I have fond and powerful memories of my maternal grandmother.  She is still living, now over 80 years of age, spending most days in front of a television in the commons at the nursing home in the small Ontario farm town that has always been her home.

I remember picking peas with her in a garden that seemed to be bigger than a football field.  I remember the rhubarb patch outside her farmhouse where she would get the materials for pies my father loved.  I remember her Christmas pudding, chocolate pies, and corn.  It was just regular corn but even my own sons have grown up calling her “Great-Grandma-who-makes-the-best-corn.”  It really is a title like that.  I remember how she made quilts with ladies from churches and afghans at home as she watched Hee-Haw on Friday nights when we would arrive from the city.  I remember the Christmas she gave all twenty-four of us grandchildren afghans to take with us into our marriages (even the twelve-year olds) because she was sure she was going to die very soon.  That was fifteen years ago.  I remember how each of us grandchildren would always get a bag of gifts at Christmas, always the same gifts: socks, toothpaste, deodorant, and a box of Cadbury’s chocolate candies — all wrapped by Grandma herself.  I remember how up to only a year ago she always insisted I bend my 6’5″ frame down to her height at less than 5’0″ for a full kiss on the lips (not one of my favorite memories!).  I remember taking my grandmother out for a drive a few years ago and how we went to the cemetery so she could water the flowers she kept growing around my grandfather’s grave stone.  These wonderful memories contribute to the varied tapestry of my identity.

Where would we be without our memories?

My grandmother began to lose her independence about three years ago.  Like many, she didn’t accept this easily.  But the nursing home — a good one — was inevitable.  About two years ago my mother would talk about how Grandma’s memory was slipping.  We sent pictures for recognition sake, and Mom would keep Grandma updated on my family.  We are usually only able to visit Canada once or twice a year, so I expected she would not know who we were anymore.  But for the next two or three visits she did.  She would mention my sons’ names.  She could connect me to my mother.  She remembered details of our history.  She would comment on the fulness of my beard, which really had more to do with the increasing pudginess of the cheeks under my beard.

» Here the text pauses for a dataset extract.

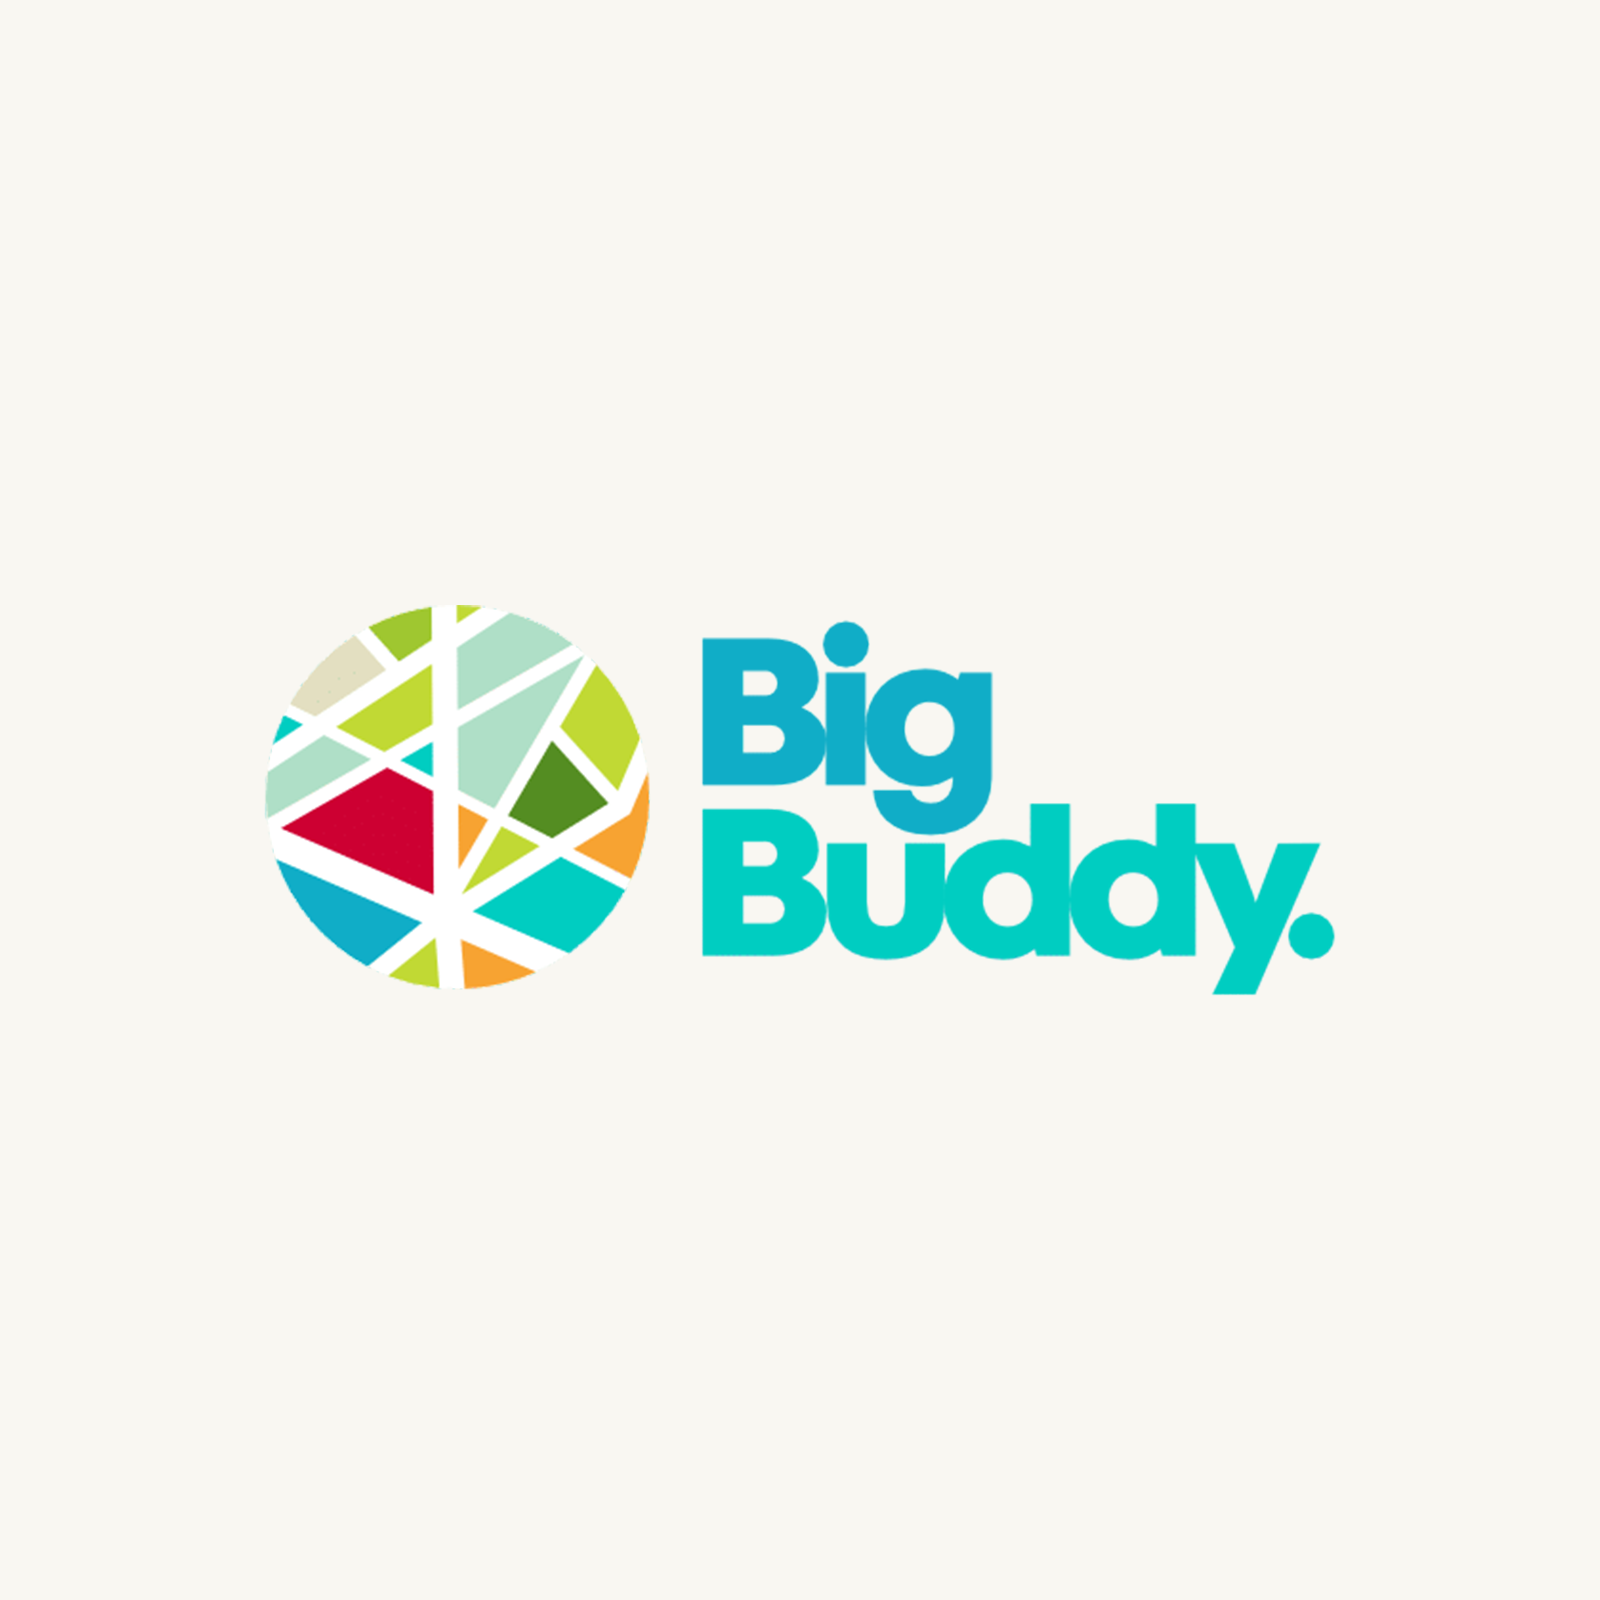 Jason Jenkins appointed as CEO of Big Buddy.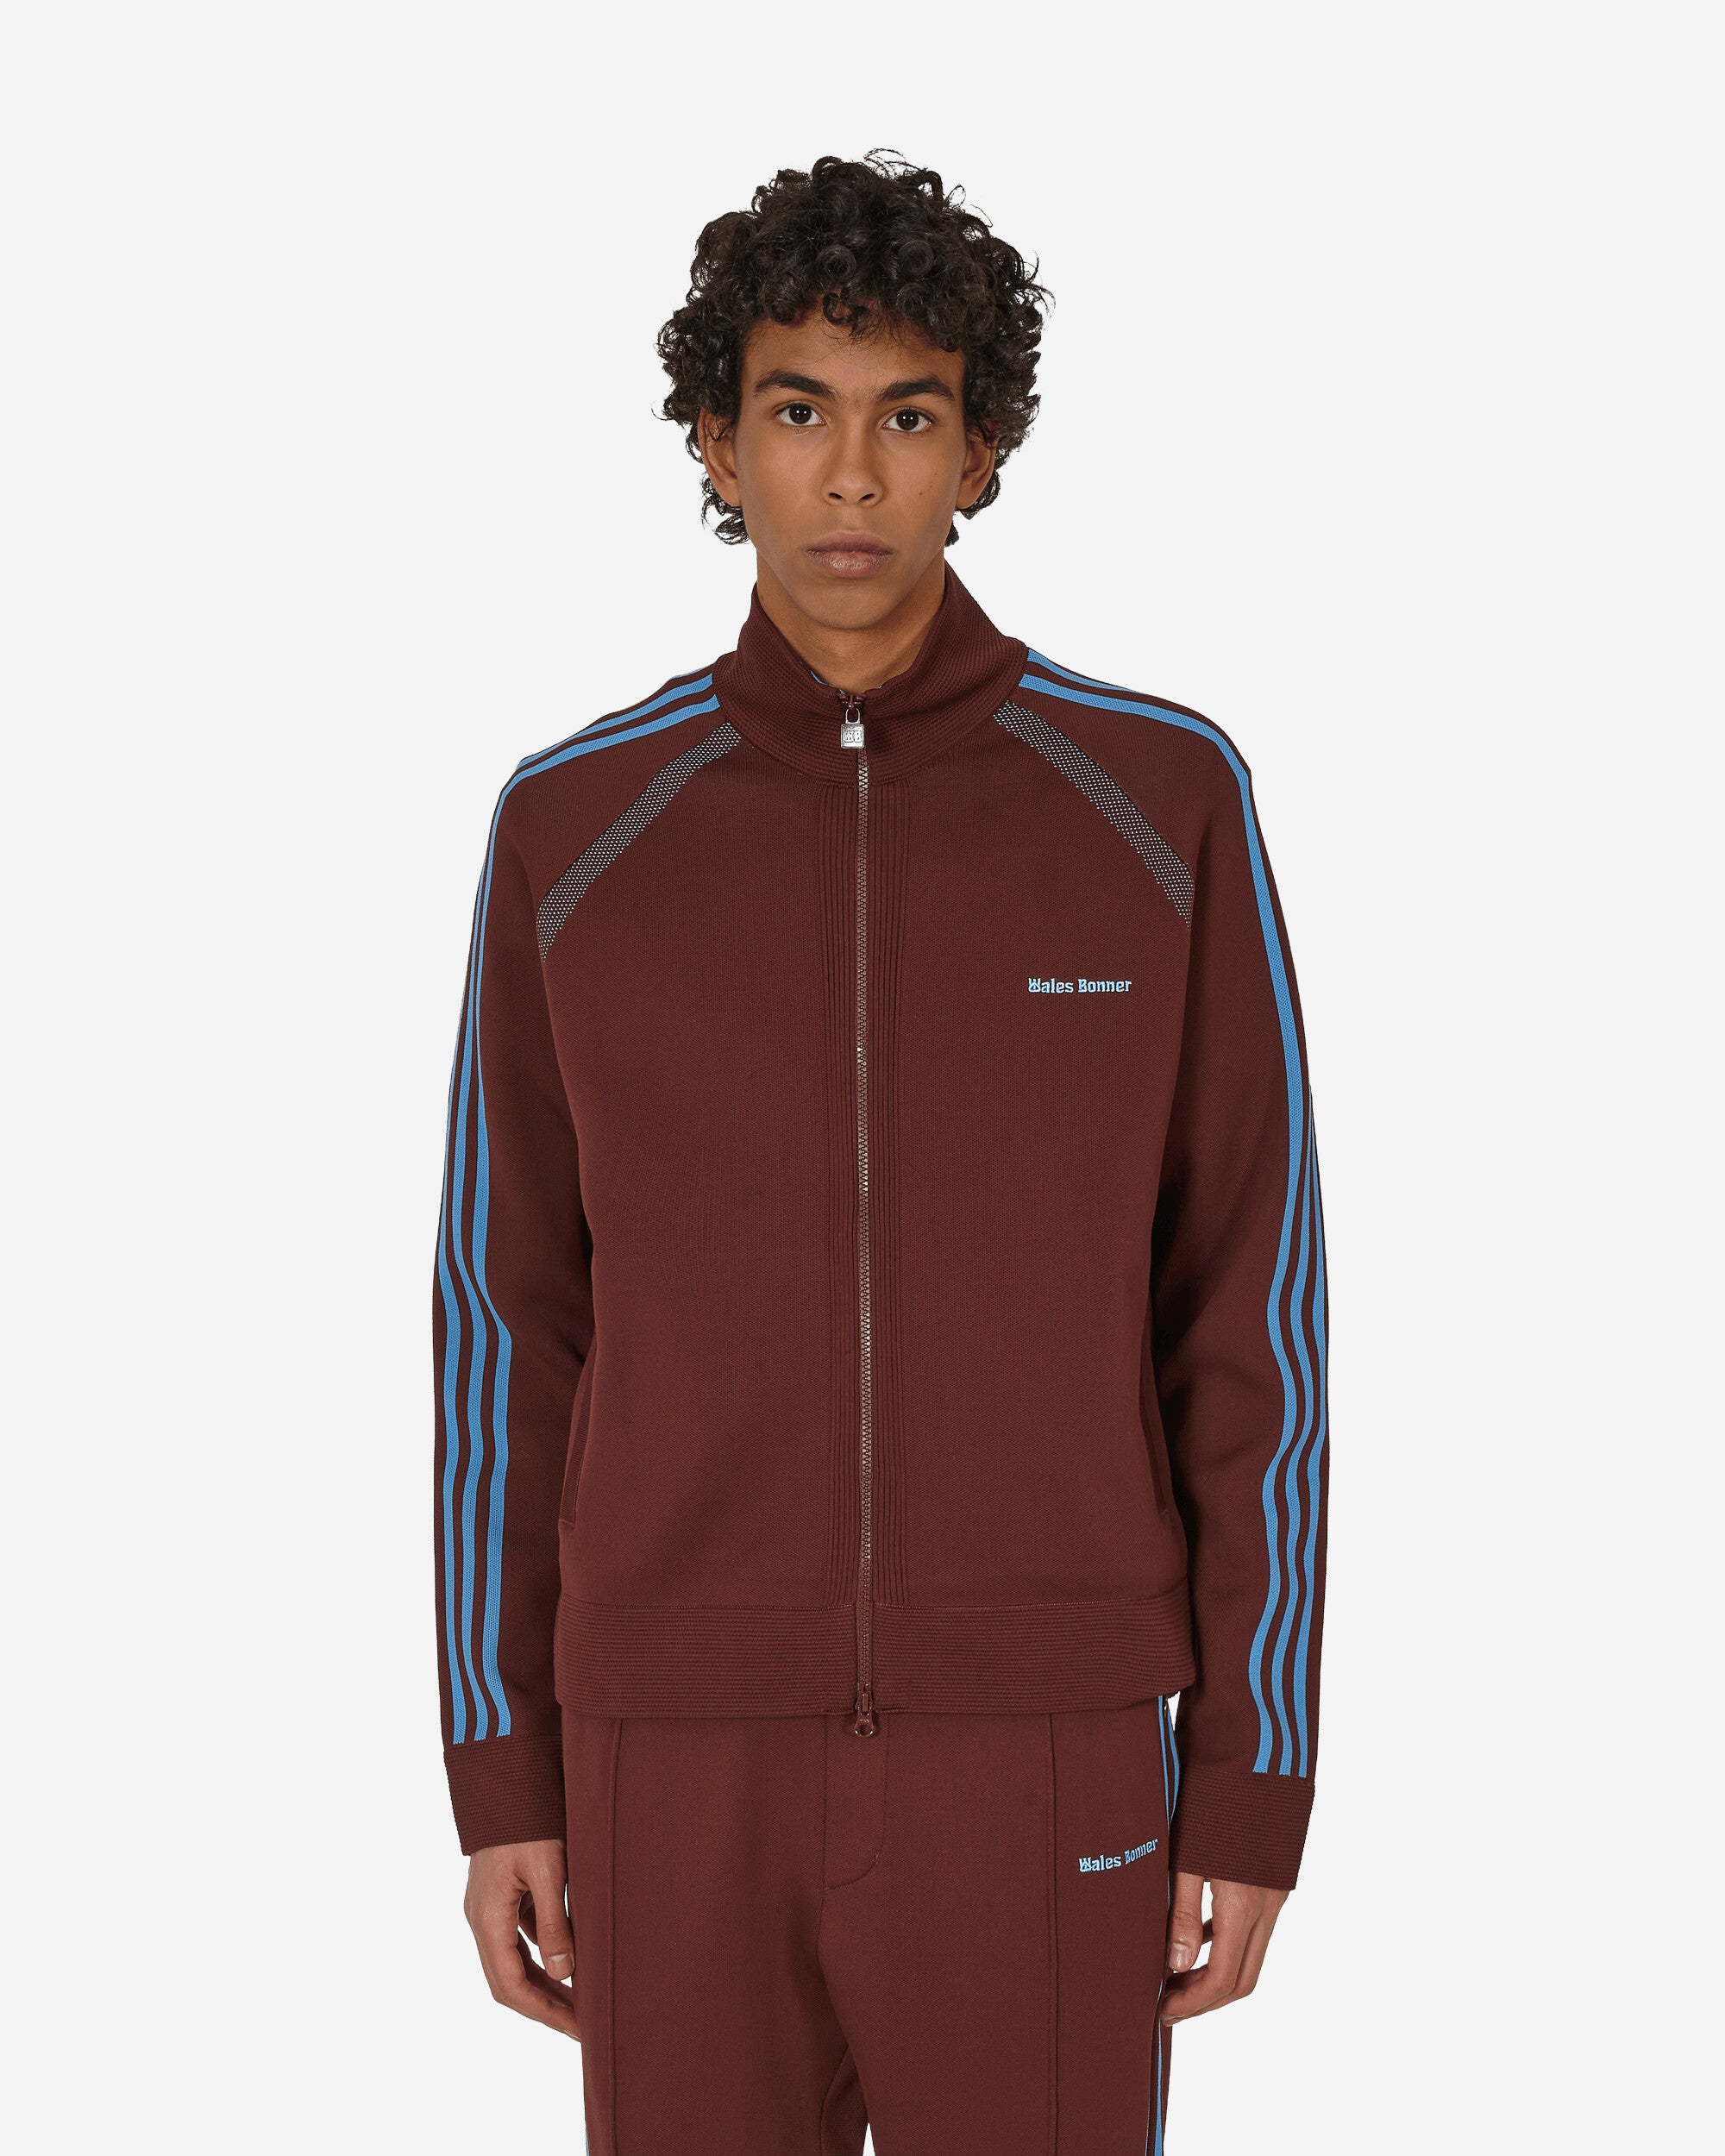 adidas Wales Bonner Statement Knit Track Top Mystery Brown

Then last October, my last visit home, Grandma had no idea who I was.  Mentally, she has deteriorated considerably.  She used to talk about “those people” who would sit down in the commons staring at the television all day, now she does the same.  She is still very pleasant, and not all who suffer from dementia are.  What breaks my heart is the emotion that seemed to grip her the most as we sat in an empty dining room trying to make chit-chat and keep alive the bonds of relationship.  She seemed terrified.  I can only wonder what must have been going through her mind.  Who is this man?  Why are we alone in this dining room?  What is he referring to?  I hurt, not for what I have lost.  I still have those same memories, and her ailments cannot take those away.  I hurt for her, and what she has lost.

Who do we become without our memories?

As I count it, the word “remember” is used eight times in this twenty-one verse section of the second surah.  Allah speaks directly to the Jewish “children of Israel” reminding them of their chosen position, rescue from Egypt, guidance through the Law, provision in the Desert, and protection in Conquest.  We need to recall that Muslims claim Allah is the same God of the Jews and Christians.  The history of the Bible (at least the big events) is assumed in the Qur’an.  After all God has done for the Jews  in the past, will they truly ignore Him now when He speaks to them once again through the Qur’an (2:41)?

As the Qur’an describes it, the key is whether the Jews will “remember.”  If they will not, they will lose their identity.  Fear will engulf them.  Uprooted from the past, they will be unable to trust.

What is it that makes you who you are?  Where have you been?  What has God done to bring you this far?  That we must remember.